Caríssimos, a nossa Família, presente em quase todos os cantos do mundo, é convidada a transformar-se em casa de Jesus, sua morada, onde qualquer pessoa de qualquer condição, mas sobretudo as mais necessitadas, possa fazer a experiência de vir e ver. Mas podemos igualmente perguntar-nos qual era a casa de Jesus. Com efeito, nos Evangelhos, encontramo-lo quase sempre de viagem e quando está “em casa” encontra-se como hóspede de alguém que O recebe, porque sabemos bem que Ele nem sequer tinha “onde repousar a cabeça”. Portanto, cuidado em não agarrar-nos demasiado às estruturas das nossas casas e presenças, das nossas obras e instituições. São certamente muito louváveis e meritórias, mas cuidado com o triunfalismo vazio que acaba por esvaziar-nos. A vacina para prevenir ou combater esta doença é contemplar Jesus sempre a caminho, porque o caminho é mesmo o cenário de um rabi com os seus discípulos. Com efeito, que significa ser discípulo, senão uma pessoa que segue um mestre?


Deus não nos quer dorminhocos!


Lembra-te da história de Samuel, muito conhecida, porque é um texto vocacional típico: Deus chama “Samuel, Samuel”, e Samuel responde: “Eis-me aqui”. Quero porém sublinhar outro aspeto. Na narrativa parece que Deus se empenhou em não deixar dormir Samuel. O texto diz que “o Senhor

chamou” e outra vez: “O Senhor chamou de novo”, e ainda: “O Senhor voltou a chamar” e, finalmente: “Veio o Senhor, parou junto dele e chamou como das outras vezes”.

A primeira observação é que Deus não se cansa de nos chamar, outra é que não nos quer dorminhocos. Repito, caríssimos membros da Família Salesiana: Deus não nos quer dorminhocos! Prestemos muita atenção a um pecado bastante frequente: a autocomplacência, isto é, o conformar-nos com a vivência ad intra, o gosto e a satisfação de estar juntos e colocar o centro em nós mesmos como grupos e instituições. Quando uma pessoa se sente muito a seu gosto, muito apaparicada, no calor da “doce casa”, é fácil que adormeça. E uma família adormecida e dorminhoca nunca pode ser uma porção de Igreja em saída, como hoje nos propõe o Papa Francisco, e como está mesmo no nosso DNA salesiano das origens.

Caríssimos irmãos e irmãs da Família Salesiana, despertemos e despertemos o mundo! O nosso carisma está mais vivo do que nunca, não por mérito nosso, mas pela graça a Deus que nunca nos abandona, pela força do seu chamamento, pelo testemunho dos nossos queridos santos, beatos e veneráveis da nossa imensa Família, e pelo testemunho de milhares de irmãs e de irmãos que nos precederam ou se encontram ainda no meio de nós. Mas sobretudo é um carisma mais vivo do que nunca porque há ainda milhões de jovens, sobretudo os das diversas periferias geográficas e existenciais, a gritar a Deus, muitas vezes com grande alarido e muitíssimas outras com um profundo silêncio cheio de dor, abandono e sofrimento.

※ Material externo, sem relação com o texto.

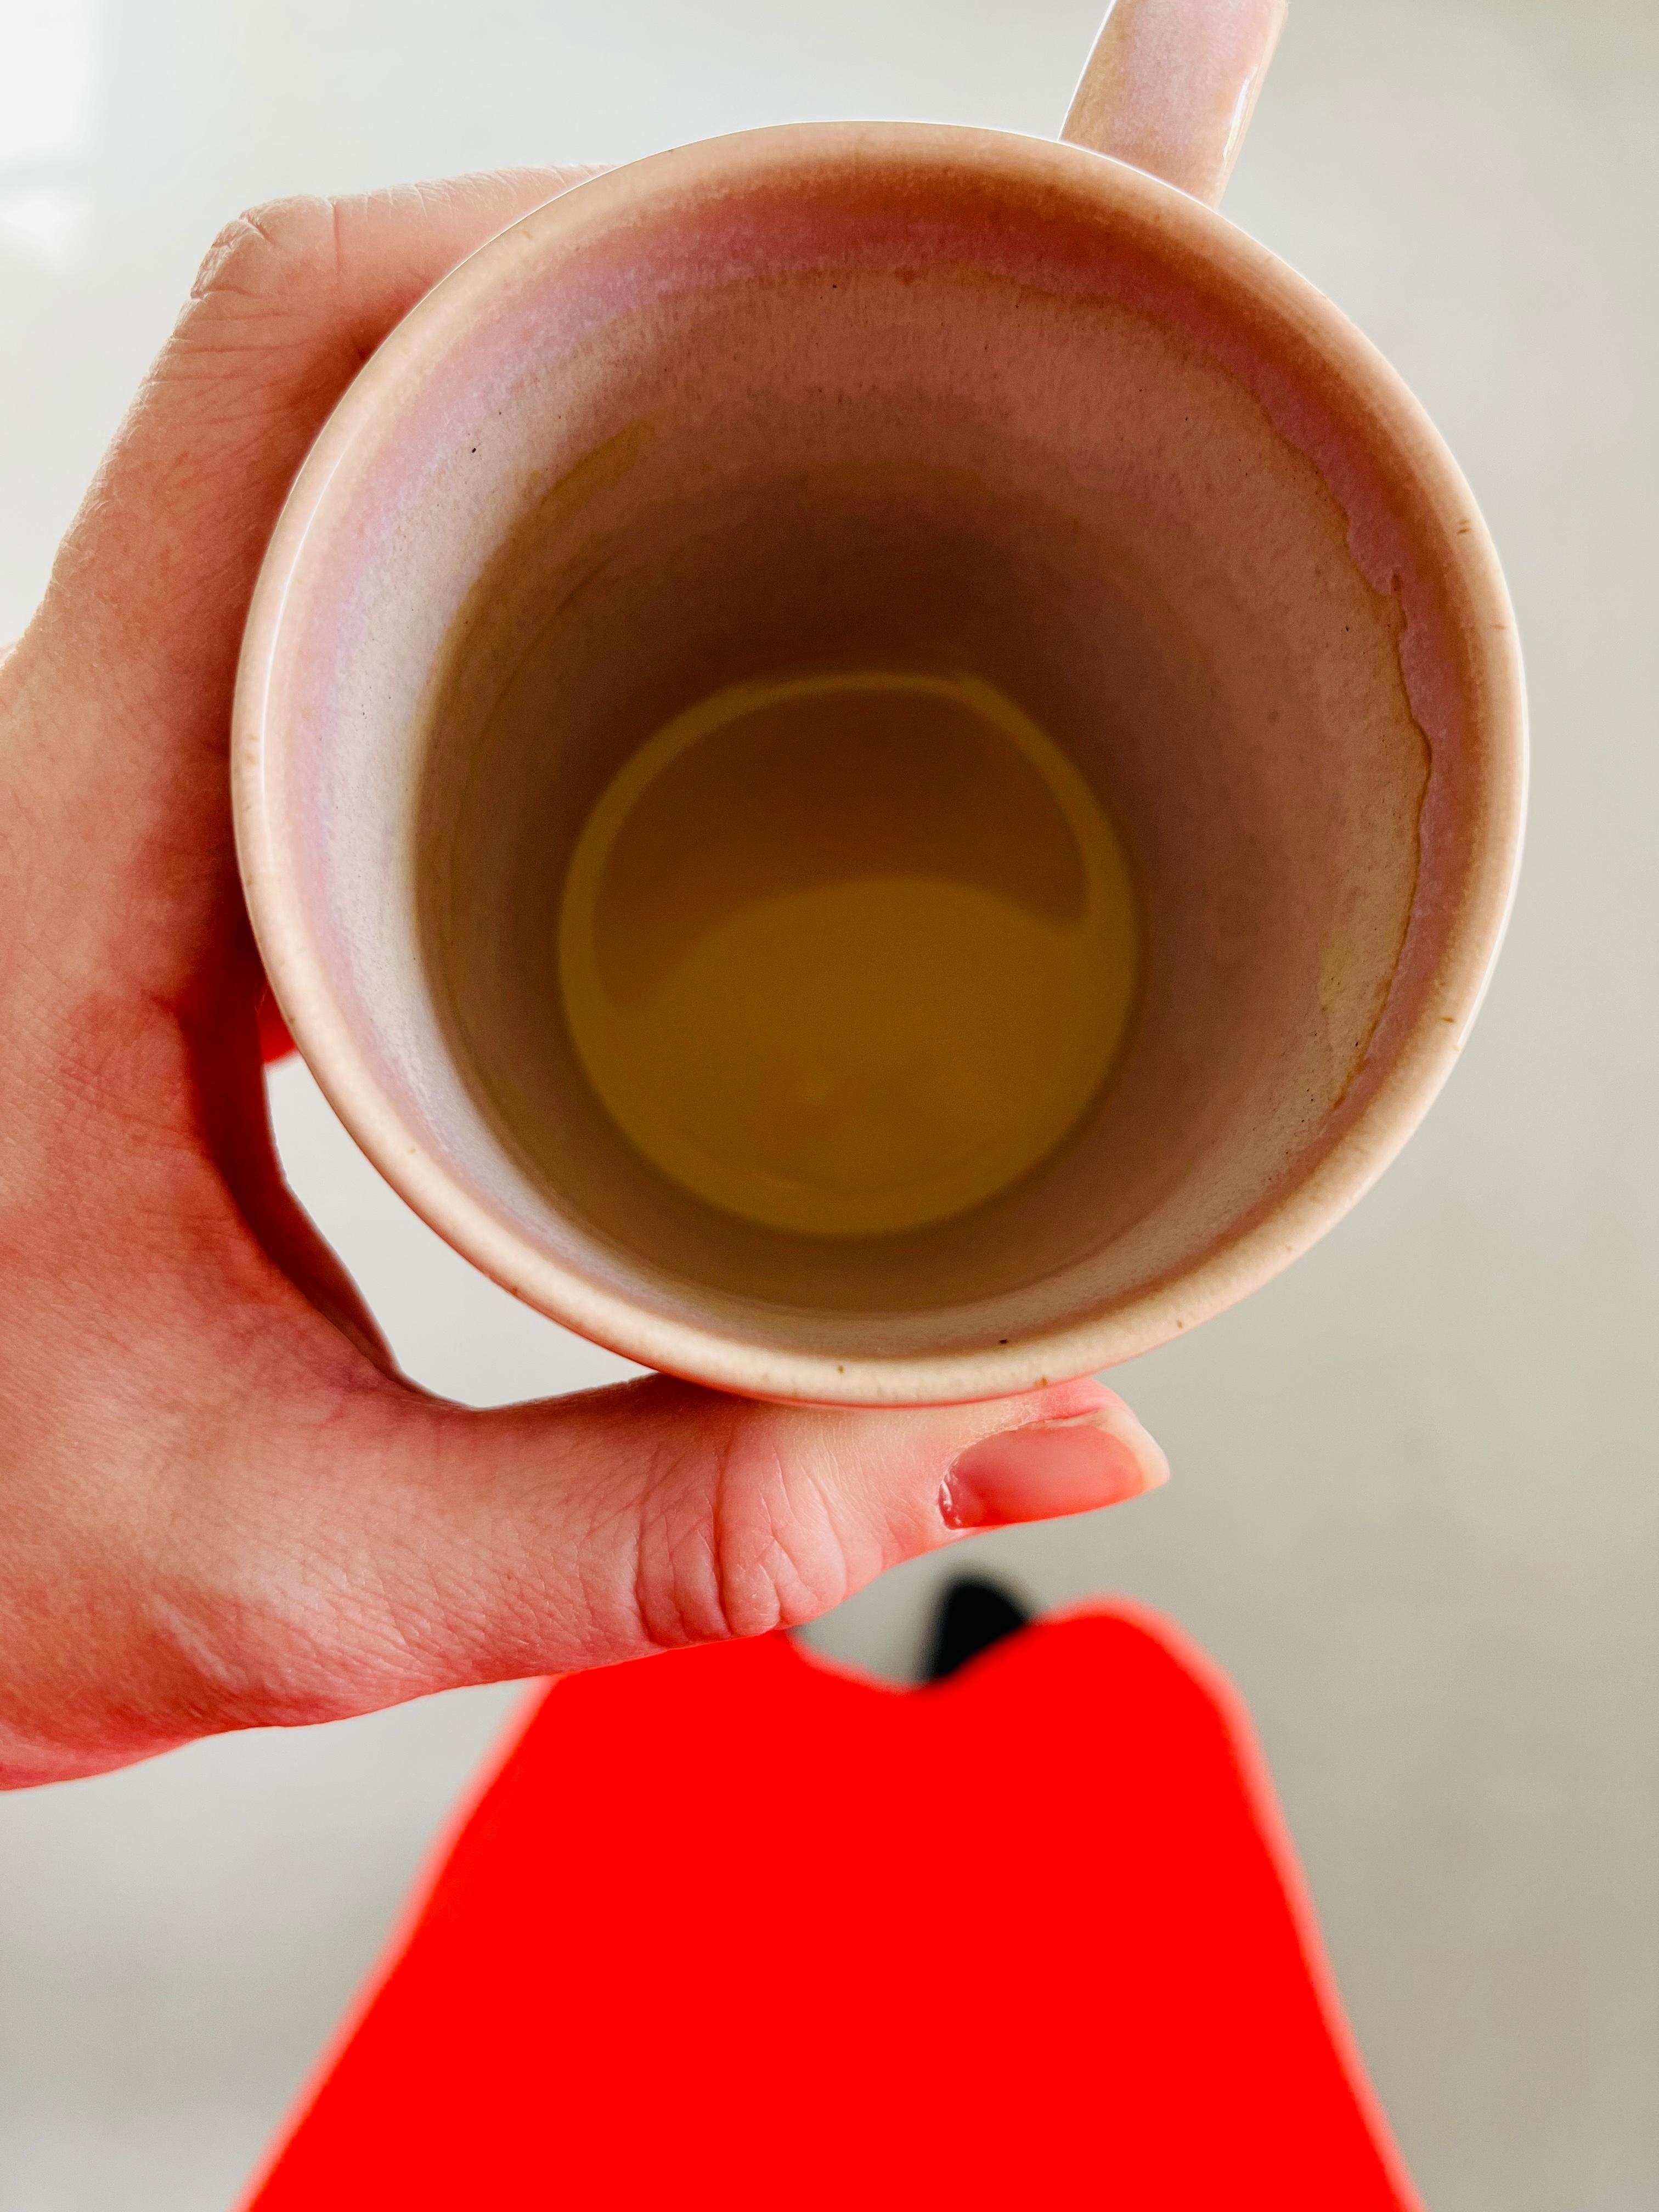 11.00h und der Kaffee ist schon wieder fast leer ☕️. Vielleicht noch ein Zweiter 🤔? #coffeelover #foodchallenge

Maria, Estrela da nossa vida pessoal e comuntária, Auxiliadora, Mãe e Mestra da nossa espiritualidade, já presente e operante desde as origens até hoje, nos conforte, nos desperte e nos anime para viver a comunhão entre nós, na Igreja e na sociedade, para sermos instrumento da cultura do encontro onde estivermos, e para vivermos o nosso carisma como comunidade crente em saída, em missão, onde cada um de nós possa crescer como verdadeiro discípulo e discípula missionários e viver, como Dom Bosco, com os jovens e para os jovens.